Struggling with the blog titles now, as we reach the end of Day 2 of Hadrian’21 and arrive in Greenhead after 23 arduous miles under the Cumbrian sun. Sorry to those of you facing flash floods down south this week.

We DID beat the rain, and arrived to find the new micropub at Thirlwall Castle still under construction.

The castle is just one of Greenhead’s many exciting OS entries, this tiny extract as busy as any outside of Waterbeach.

Sadly, Greenhead itself is little more than a hostel, hotel, cafe, primary school and church just off the A69. Wot no Chinese takeaway ?

Oh, and a railway line thundering past our bedroom window through the night under the bridge below.

Readers who can remember further back than last Friday (not me) may recall the Greenhead Hotel from a mere 21 months ago when I nipped in for a quick half when quick halves were still legal.

I noted then it had recently changed hands, and unbelievably it seems to have changed owners AGAIN during the pandemic. Luckily, those new owners are running the best hotel I’ve stayed at in years.

The new sign is actually quite clever if you look closely.

Looking at the photos from 2019 it doesn’t look a lot different; same giant fireplace and dangling glasses.

Talking of glasses, I could have done without the heavy jug (“Stop complaining you wimp” said Mrs RM).

I’d dared to approach the bar and note that trio of beers. I delayed a decision till the Dad on the table opposite went for the Cumberland Blonde. Mrs RM had the 3rd Blonde pulled, which was therefore the best (NBSS 3+). I was never going for a beer called Whapweasel, it brings back memories of Sunday afternoon TV.

But NO-ONE was here for beer (the hostel which might provide a few drinkers isn’t open yet), and the soundtrack (Natalie’s “Torn” and the Mac’s “Dreams”) matched the lamb cutlets.

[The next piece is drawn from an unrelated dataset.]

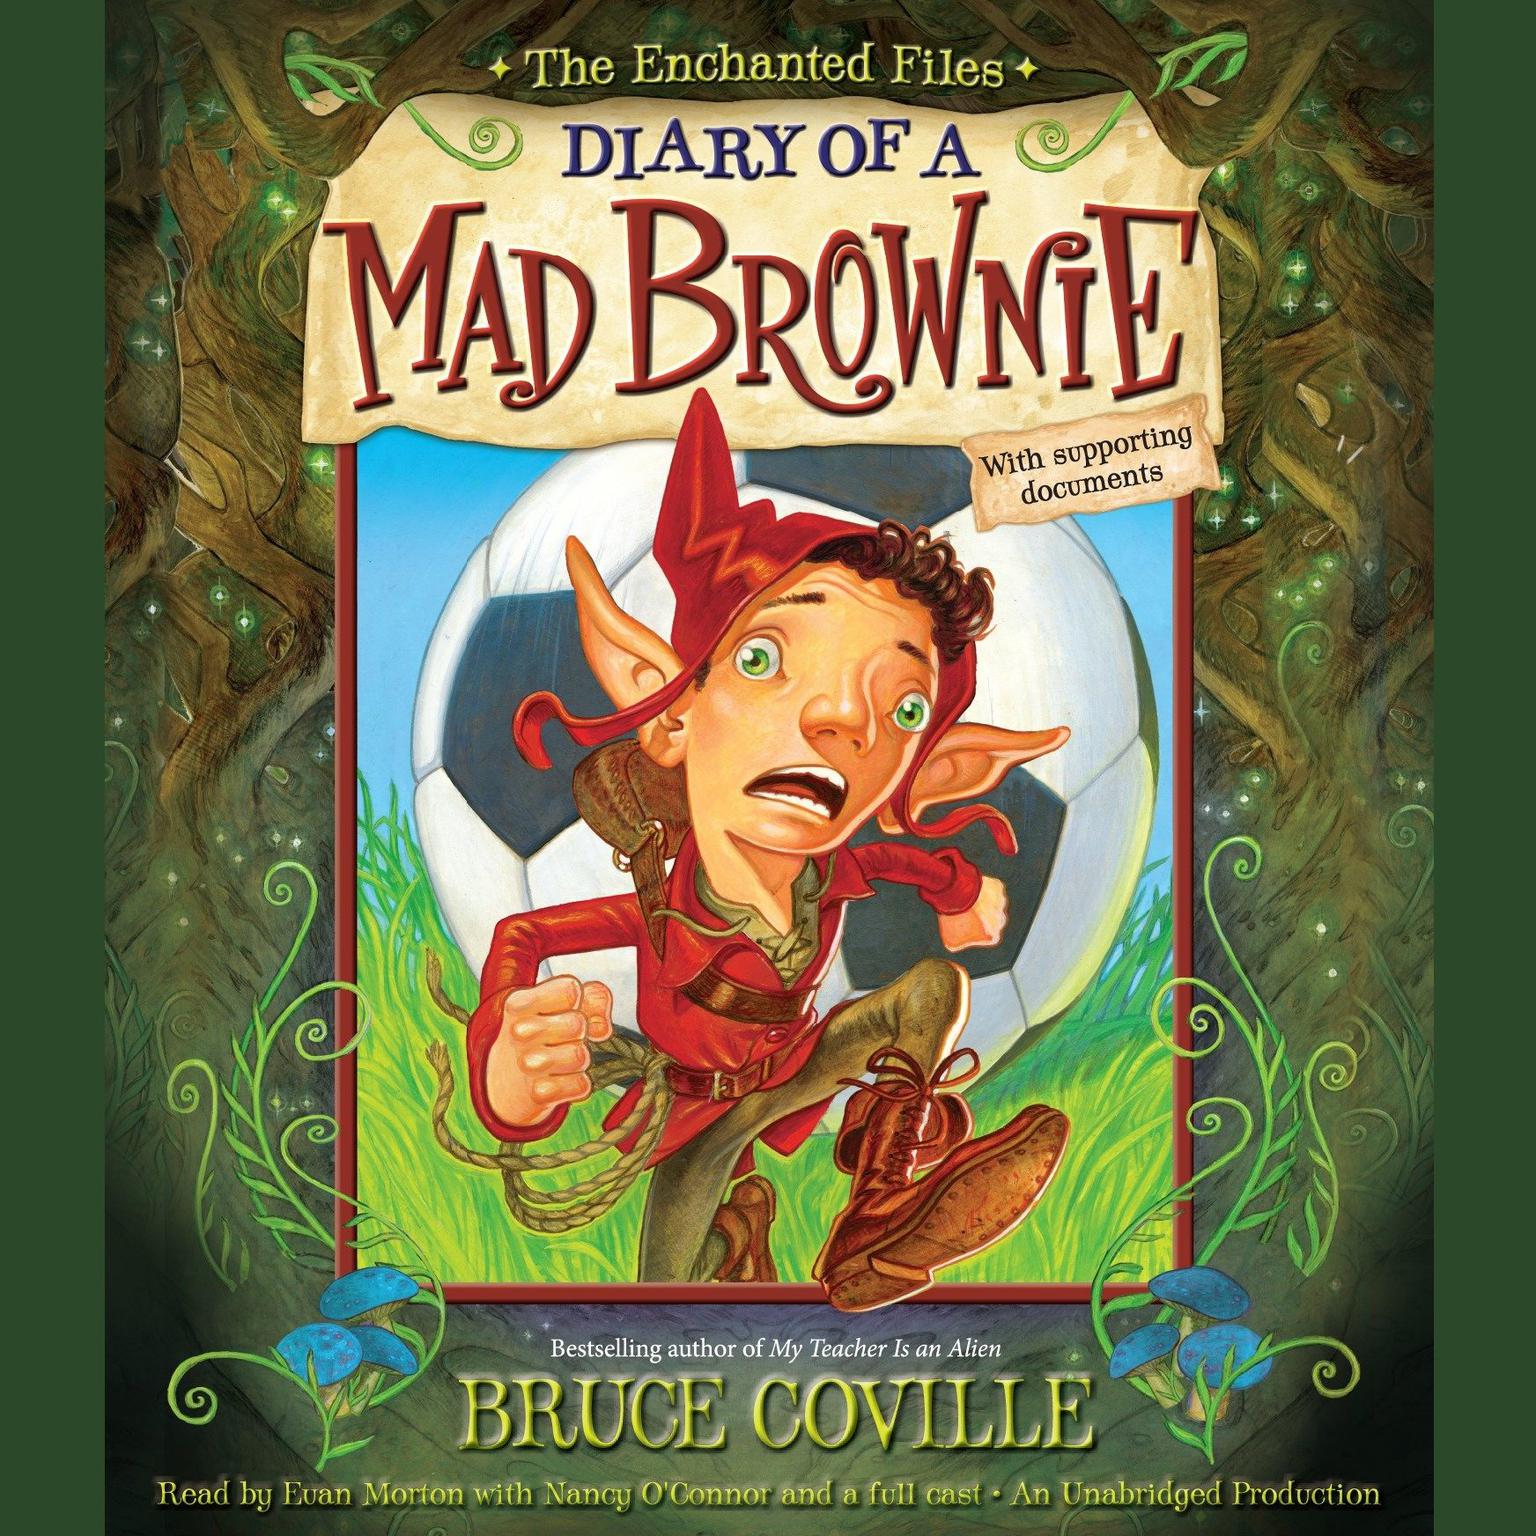 The Enchanted Files: Diary of a Mad Brownie Audiobook, by Bruce Coville

OK, it’s not a cheese bap and a pint of Bathams, but I loved it. I’m afraid the only banter came from the septuagenarian diners arriving after us;

Hugging ? Is it allowed now ?

“And kissing ?

In your own castle, possibly. In a pub, never.

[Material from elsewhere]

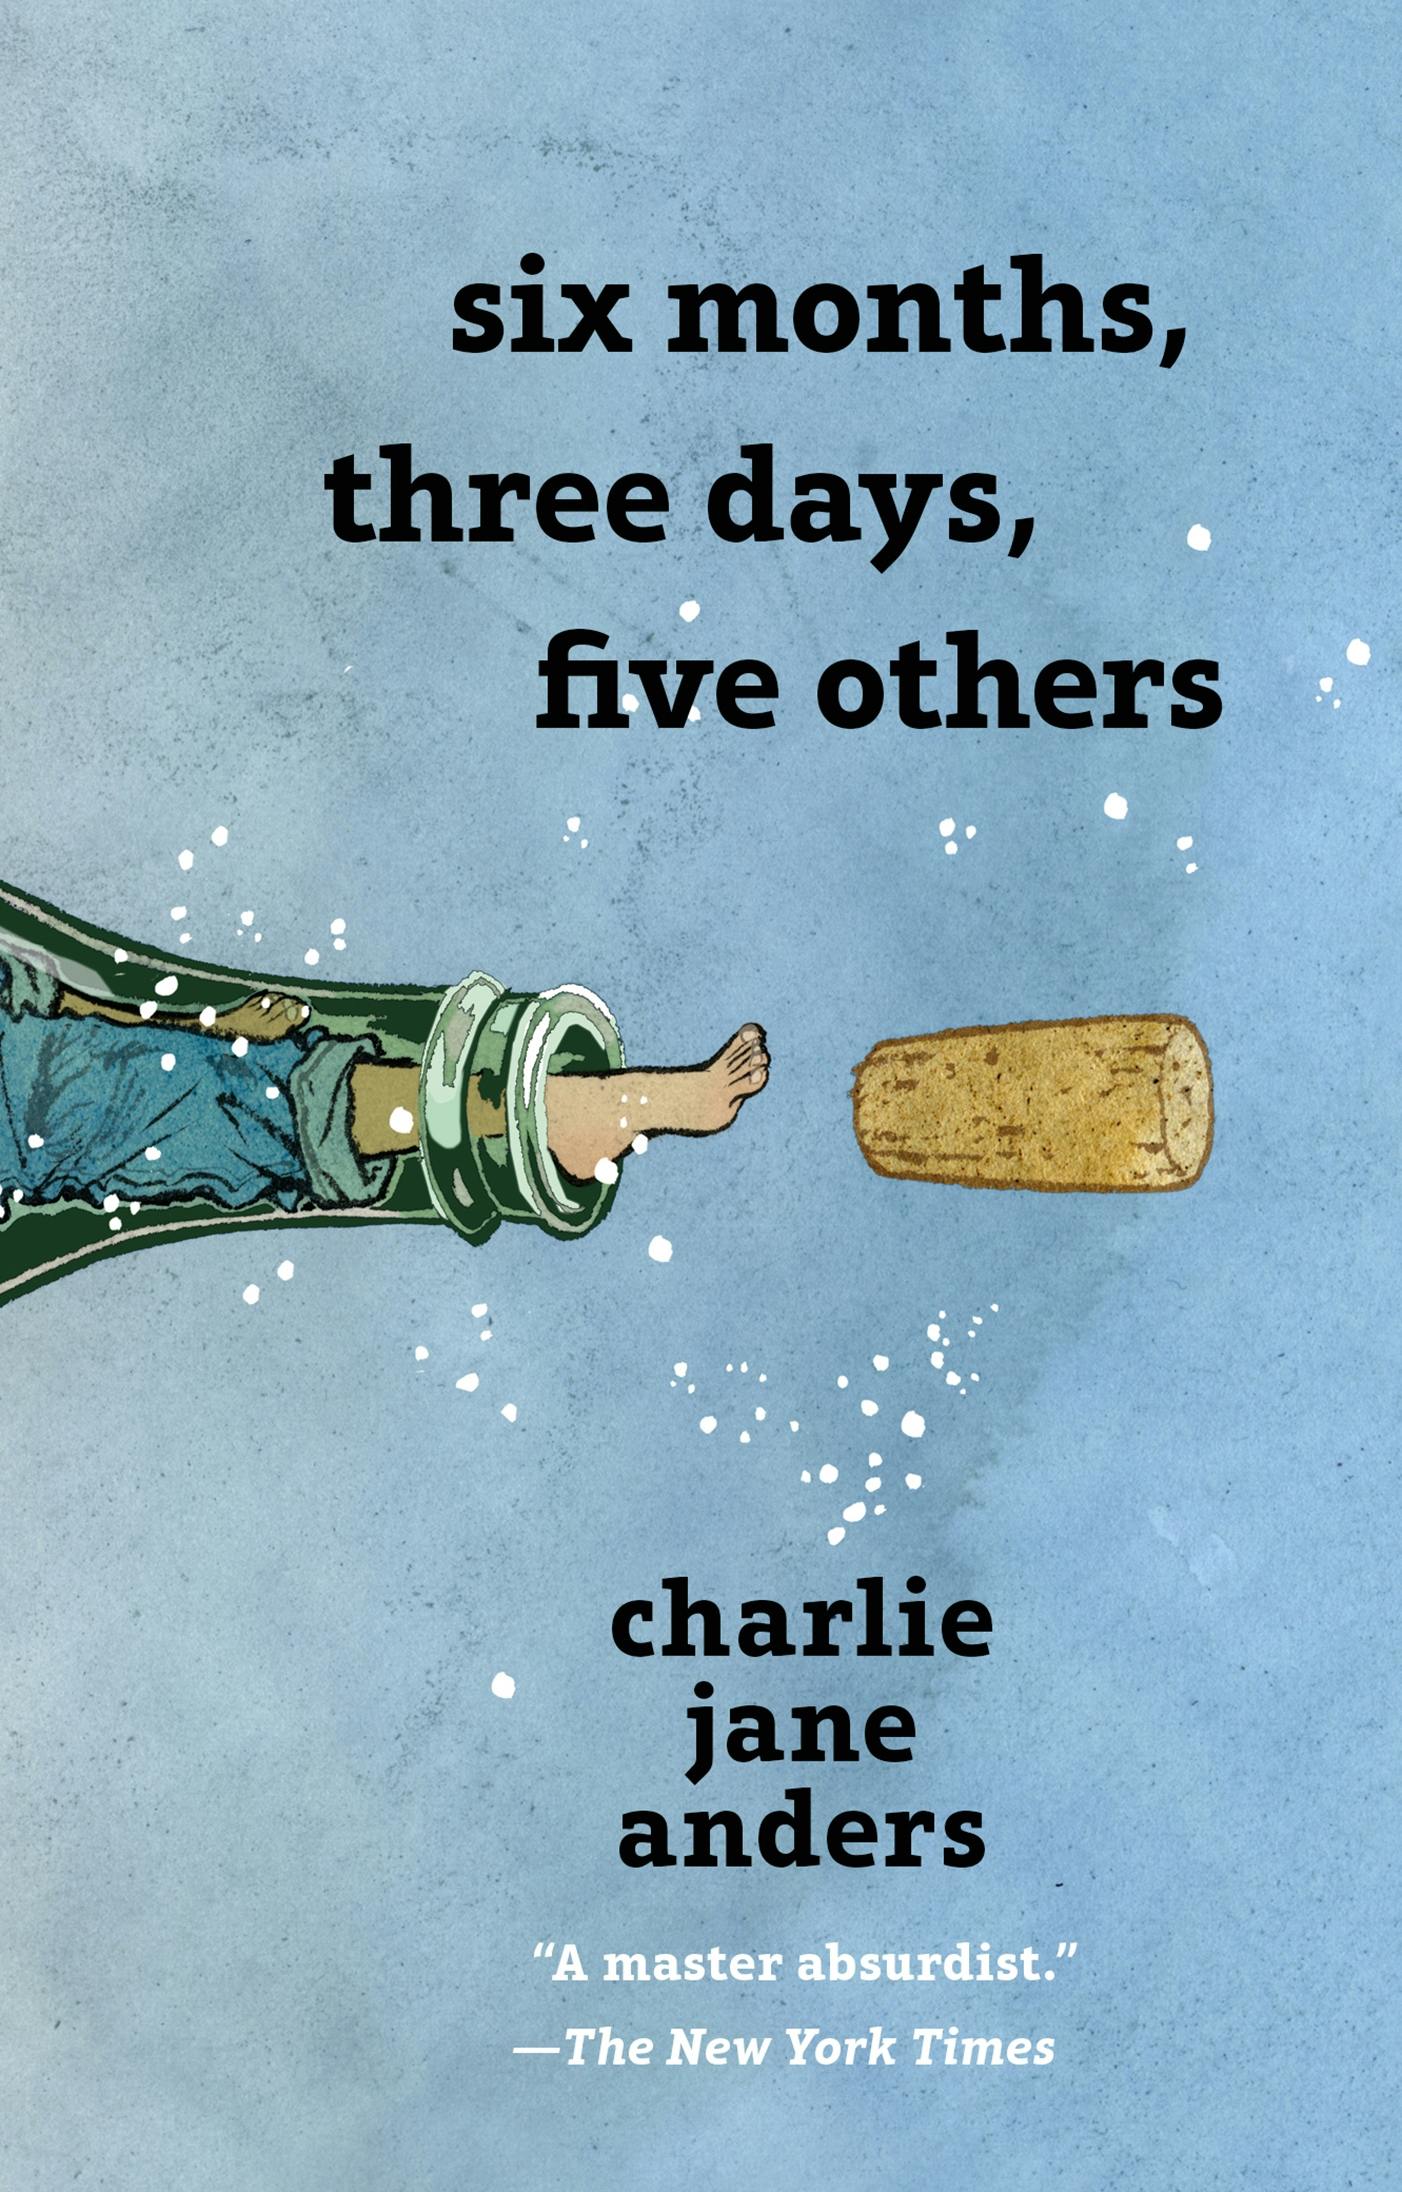 Cover for the book titled as: Six Months, Three Days, Five Others

15 thoughts on “SORRY, WHAPWEASEL

  1. That is a nice logo design they’ve got there on the sign.I got curious about the meaning of Whapweasel and found this: “a Curlew’s whistle is the origin of the name.” Really it sounds like a euphemism for something, but we’ll have to consult Russ for the full definition I think. 😉

    I love that in the world of pub tickers, those gorgeous-looking lamb cutlets struggle to compare to the glories of a cheese bap.

    Natalie Imbruglia gets saddled with one-hit-wonder status over here, since Torn is her only song that got airplay (and even that one didn’t get so high on the charts). Did she have a more substantial career over there?

    Liked by 1 person

  2. Twenty three miles – I’m impressed, rather I’m more than impressed. I shan’t tell you how long my NDW walks have been, but normally, half that figure is good going for me.

    Are you sure you both weren’t running?


      1. Sorry, my error. I was thinking you’d walked the 23 miles in a single day!

        It was quite late when I posted that comment, and I also thought you were a fast walker, but wasn’t sure about Mrs RM.

        Glad you’re able to spend some time together enjoying the great outdoors – providing there are no bovines blocking your route! 🐂🐃

        Liked by 1 person

      2. 23 miles is certainly doable, but there’s a lot of stiles and fields and points of interest and there’s a shortage of accommodation so you’re risking overdoing it.


      3. About fifteen years ago I averaged about fifteen miles a day on the Coast to Coast Path with an old pal from Liverpool.
        There was a shortage of suitable accommodation along some of it so it varied from eight miles one day ( meaning many hours in Patterdale pubs ) to twenty miles on a couple of days.

        Liked by 1 person

  3. “a railway line thundering past our bedroom window through the night”
    Likewise in the Greyhound at Shap, but that’s the West Coast Main Line crossing another Path.


  4. Carvoran – what a great North Brythonic name that is.

    Mrs. E rather likes the gastro dimension to some pubs, but I prefer pub food to be like the bolt-on Thai operation at the Bartons Arms or the tandoori at the Vine myself.

    It’s give-and-take.

    Liked by 1 person

    1. Very much give and take, though I know Mrs RM would opt for the Vine at West Brom or Thai at Wrestlers in Cambridge over the gastropub.

      Don’t think I’ve taken her to the Barton Arms though we have done the Oakham Thai Tap in Peterborough.

      Carvoran sounds like a UK prog band!


      1. Yes, Birmingham’s quite good for exotic food, Thai in the Bartons Arms and Indian in the Hen and Chickens.
        And Palmers Tally Ho in the Hen and Chickens a couple of years ago.